Ancak aradan yıllar geçmesine rağmen beklenen olumlu adımlar bir türlü atılmadı.

Hacı Bektaş Veli Anadolu Kültür Vakfı Başkanı Ercan Geçmez’e göre, Türkiye’nin Alevi meselesine bakışı konusundaki durum 2009’daki çalıştaylar öncesi değil 1980 Anayasa’nın bile daha gerisinde.

Ercan Geçmez
Ercan GeçmezFotoğraf: privat

Alevilerin bugün demokratik olarak haklarının çoğunu kaybettiğini belirten Geçmez, bu konuda şu örnekleri veriyor:

"Yüzyıllardır alevi dergâhı olarak kullanılan Çorum Osmancık’taki dergâh önce vakıflar bölge müdürlüğü tarafından kaymakamlığa devredildi, kaymakamlıktan da müftülüğe devredildi."

Geçmez bunun gibi Türkiye’de pek çok örnek olduğunu belirtiyor ve bunların bazılarının eşitlik ile temel insan haklarına aykırı olduğunu savunuyor:

"Kars'ta bir köyde kaymakam baskısıyla, 'Köyünüze hizmet istiyorsanız köyünüze cami yapın' diyor. Muhtar hemen cami talebinde bulunuyor. Tüm alevilerin itirazlarına rağmen Diyanet İşleri Başkanlığı bütçe buluyor ve hemen temel atıyor. Sinop Şarkışla’nın yine Alevi köyünde de cami yapılıyor. Tüm köylünün karşı çıkıyor."
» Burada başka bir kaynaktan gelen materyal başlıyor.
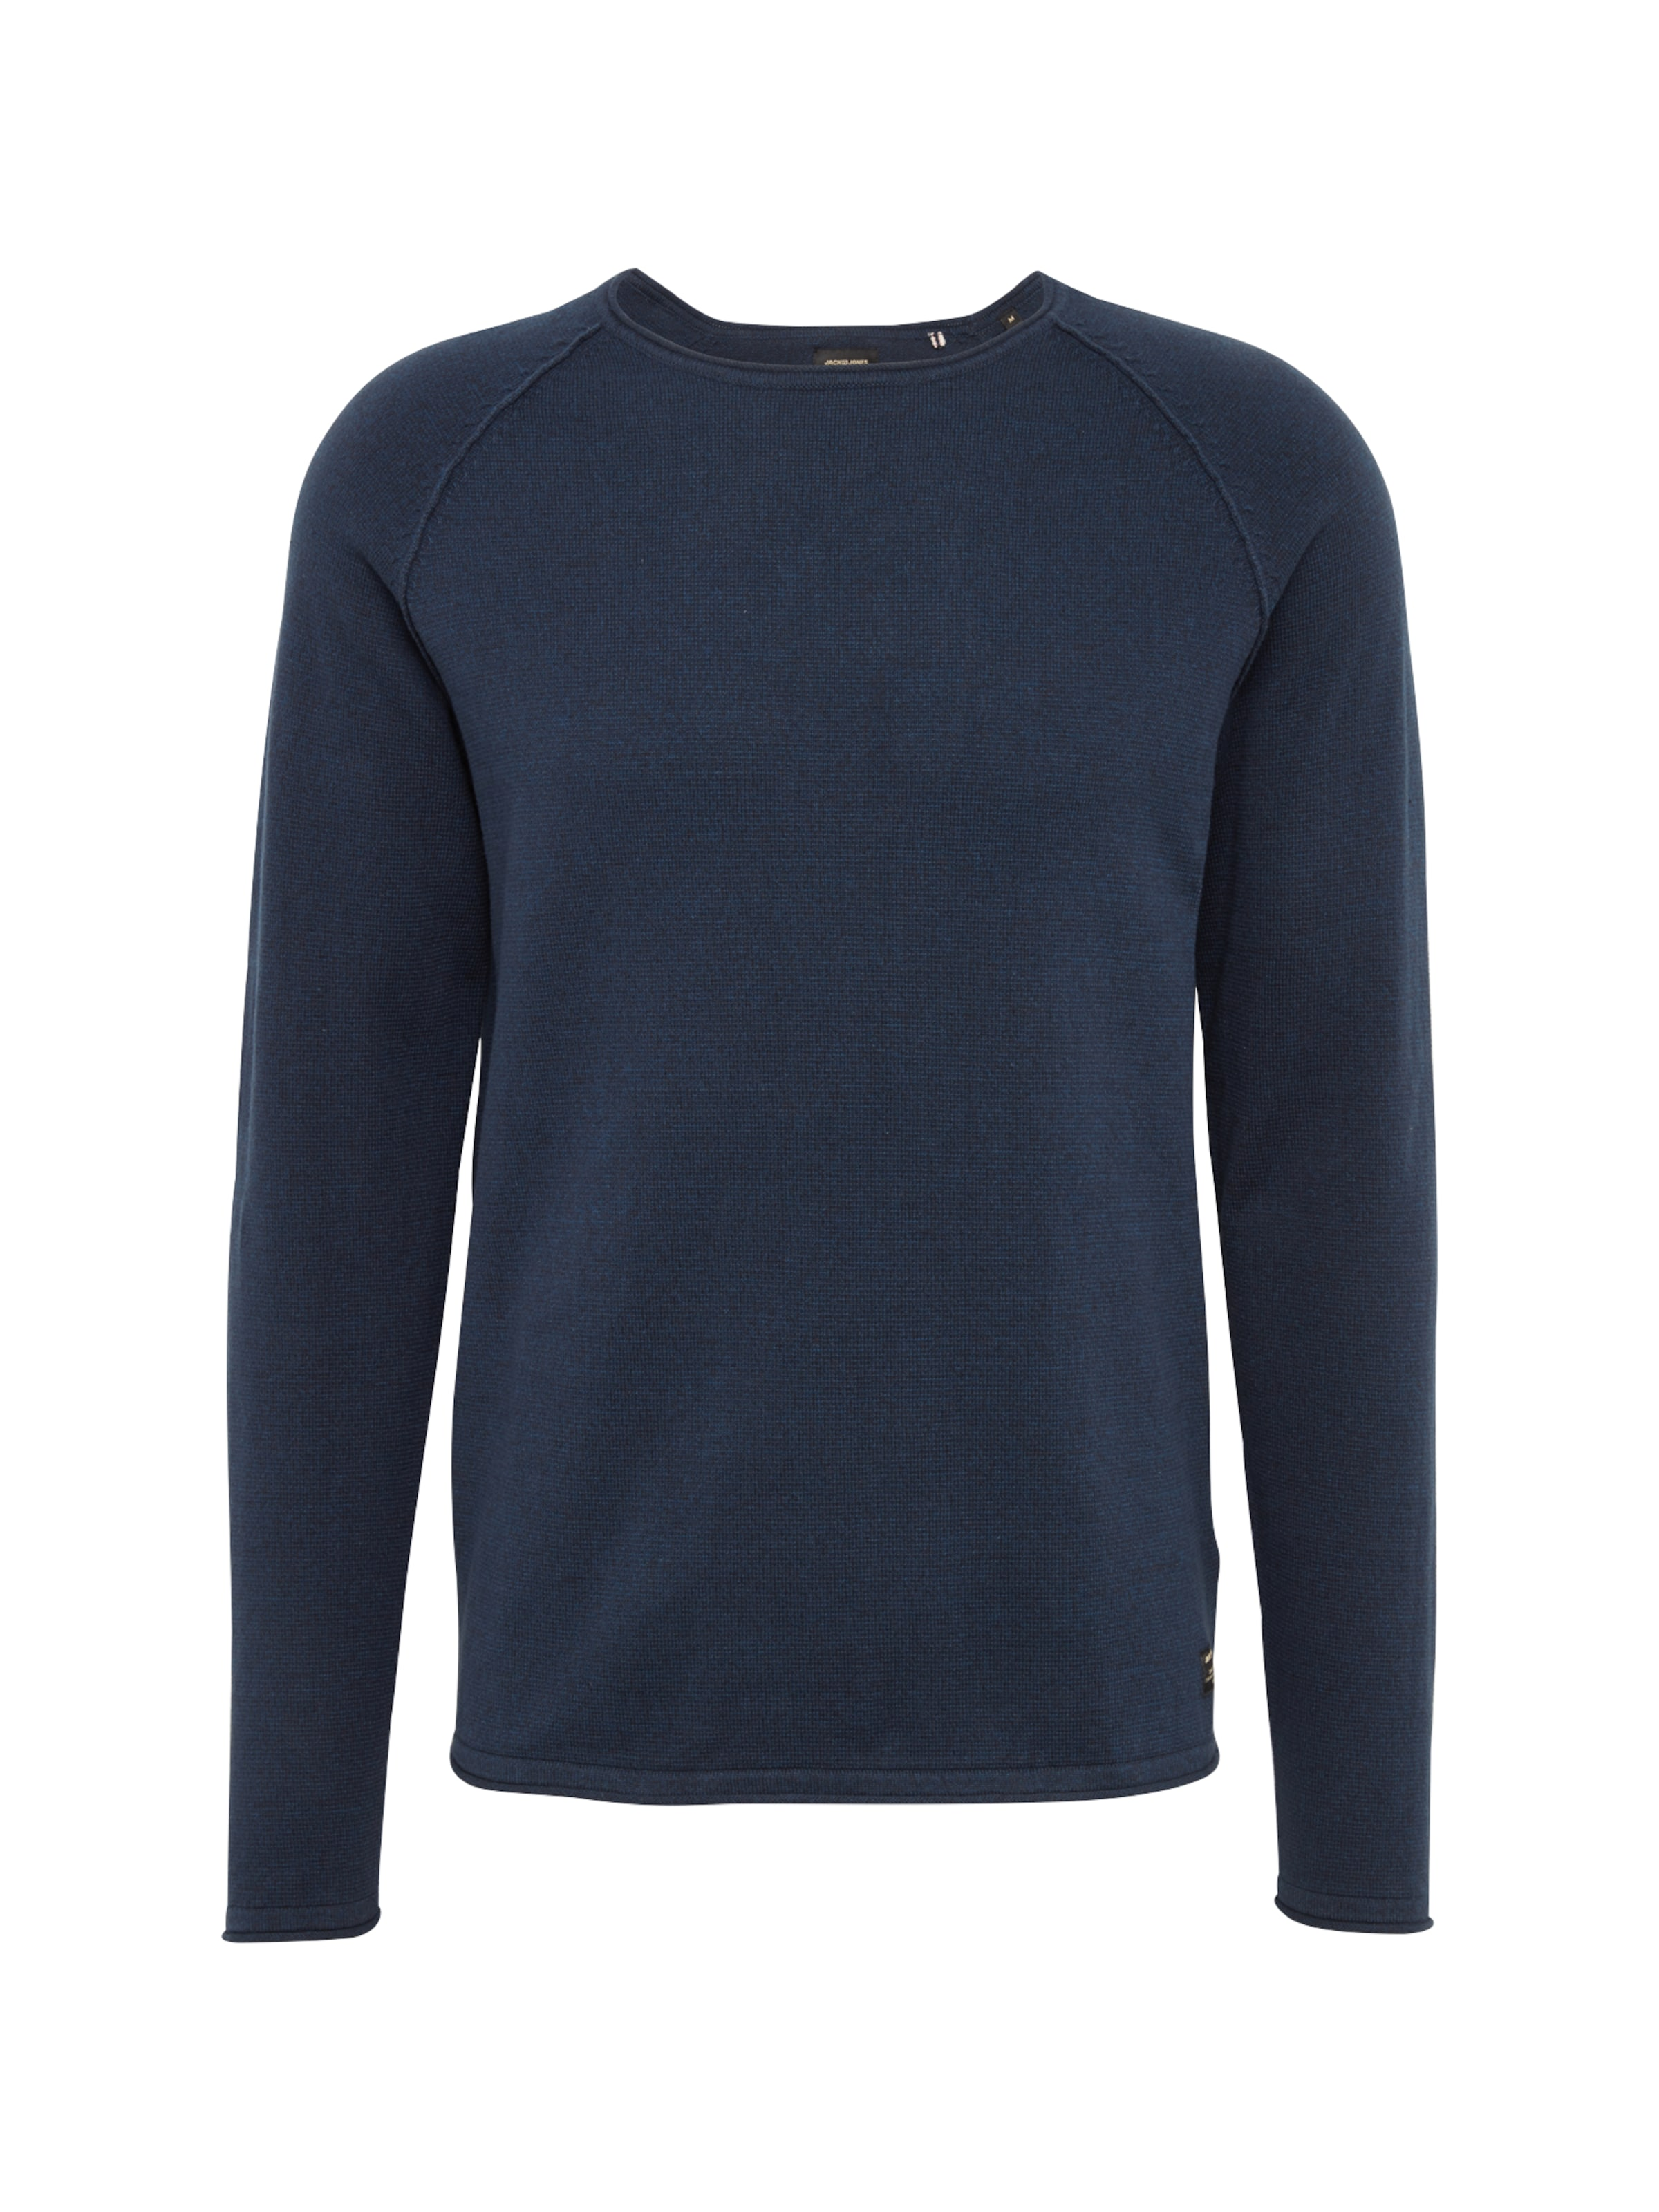 Jackamp; Jones Blau Pullover In 'eunion' VpUzSM

Alevilerin kutsal mekânları baskı altında

Alevi Bektaşi Federasyonu Danışma Kurulu üyesi Ali Balkız da Geçmez’in verdiği örneklere yenilerini ekliyor: "Tokat’ın Alevi köyü Hubyar’da bir tekke var. Alevilerin önemli ocaklarından biri. Yüzlerce yıldan beri bu böyleydi. Vakıflar Genel Müdürlüğü bu tekkenin mülkiyetine el koydu. Köy tüzel kişiliği dava açtı ve kazandı. Vakıflar burayı almak için yeniden dava açtı."

Ali Balkız
Ali BalkızFotoğraf: privat

Balkız, Ankara’dan da bir örnek veriyor: "Ankara Mamak’ta bulunan Hüseyin Gazi Vakfı’nın bir dergahı var. Hacı Bektaş Veli zamanlarında temeli atıldı buranın. İmarı yapıldı. Binalar inşaa edildi. Cemevi açıldı. Kurban kesim yeri, aşevleri yapıldı. Kültürel etkinlikler düzenledi. Her yaz 100 bine yakın insan bu dergahı ziyaret ediyor. Şimdi burası da Vakıflar Genel Müdürlüğü aracılığıyla Alevi İnanç Birliği adında yandaş bir vakfa verilmek isteniyor."

Balkız'a göre Türkiye’de Aleviler için çok sayıda kutsal mekan bu şekilde baskı altında bulunuyor.

100'den fazla yasa teklifi sunuldu

Türkiye’de başta Alevi milletvekilleri olmak üzere Aleviler haklarının yerine getirilmesi konusunda çok sayıda çalışma yaptı. En çok da cemevlerinin yasallaştırılması ile ilgili kanun teklifleri hazırlandı. Ancak bunları tamamı reddedildi.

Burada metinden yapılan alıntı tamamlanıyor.